- [EXERCISE BRIEF] Please output the section of the listing below that opens with the line containing "Low Carb Recipes" and closes with the line containing "Blog Tour Review: Beneath Blackwater River", exactly and with nothing else.

- [GIVEN RECORDS]

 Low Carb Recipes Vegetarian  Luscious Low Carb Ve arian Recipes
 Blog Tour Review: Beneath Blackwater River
==
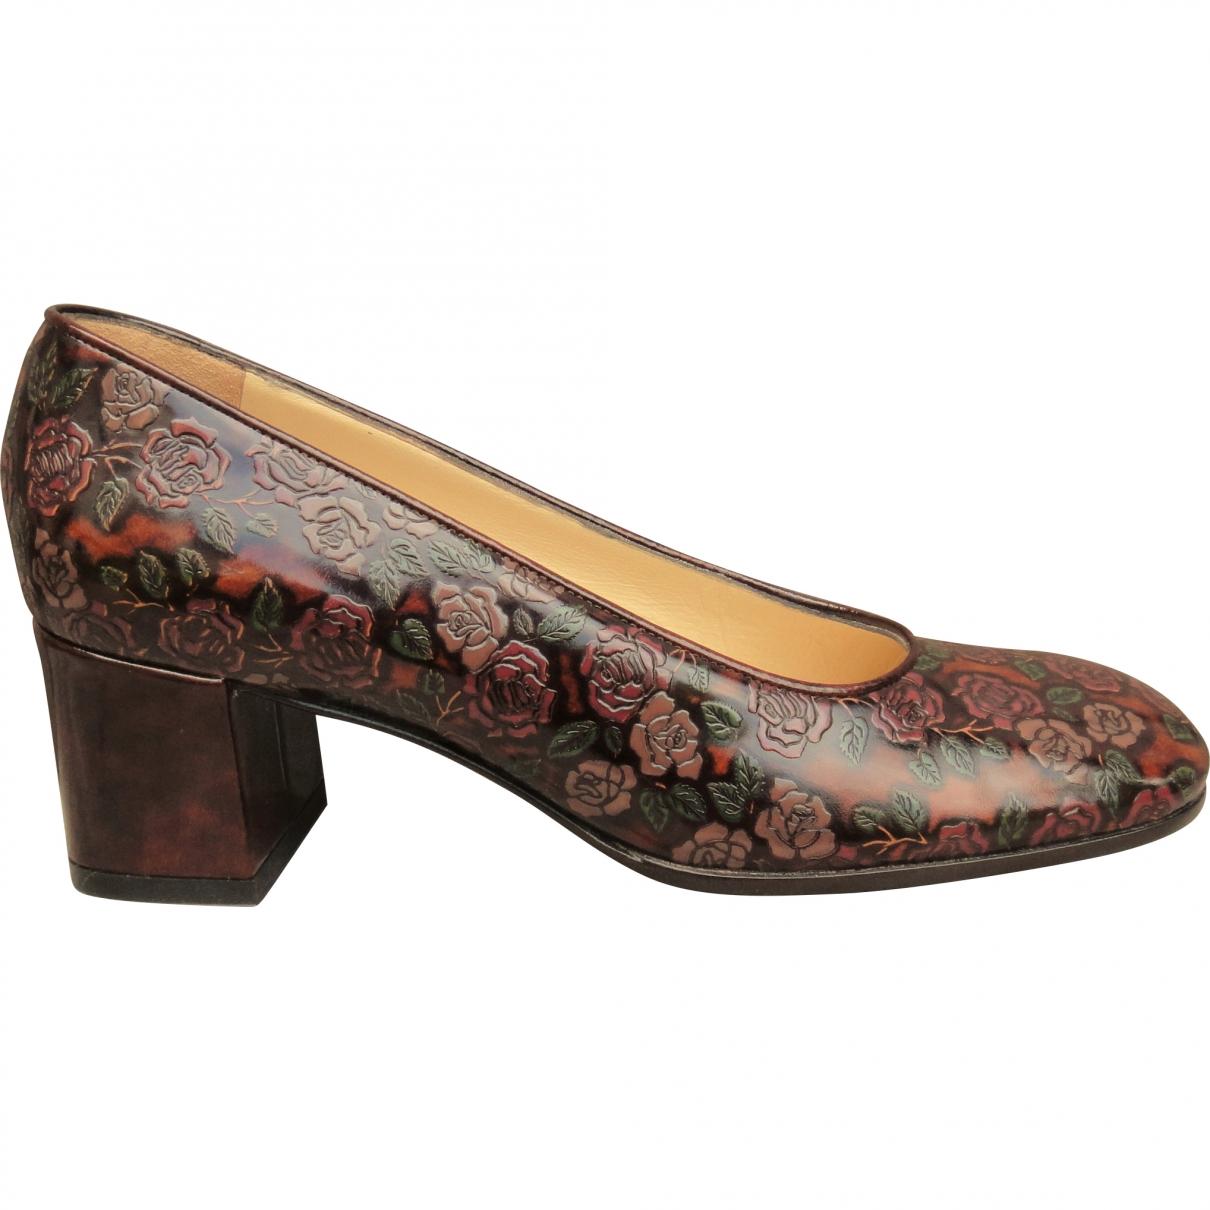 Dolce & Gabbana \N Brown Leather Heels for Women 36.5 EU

- [ANSWER TO THE PROBLEM]
 Low Carb Recipes Vegetarian  Luscious Low Carb Ve arian Recipes
 Blog Tour Review: Beneath Blackwater River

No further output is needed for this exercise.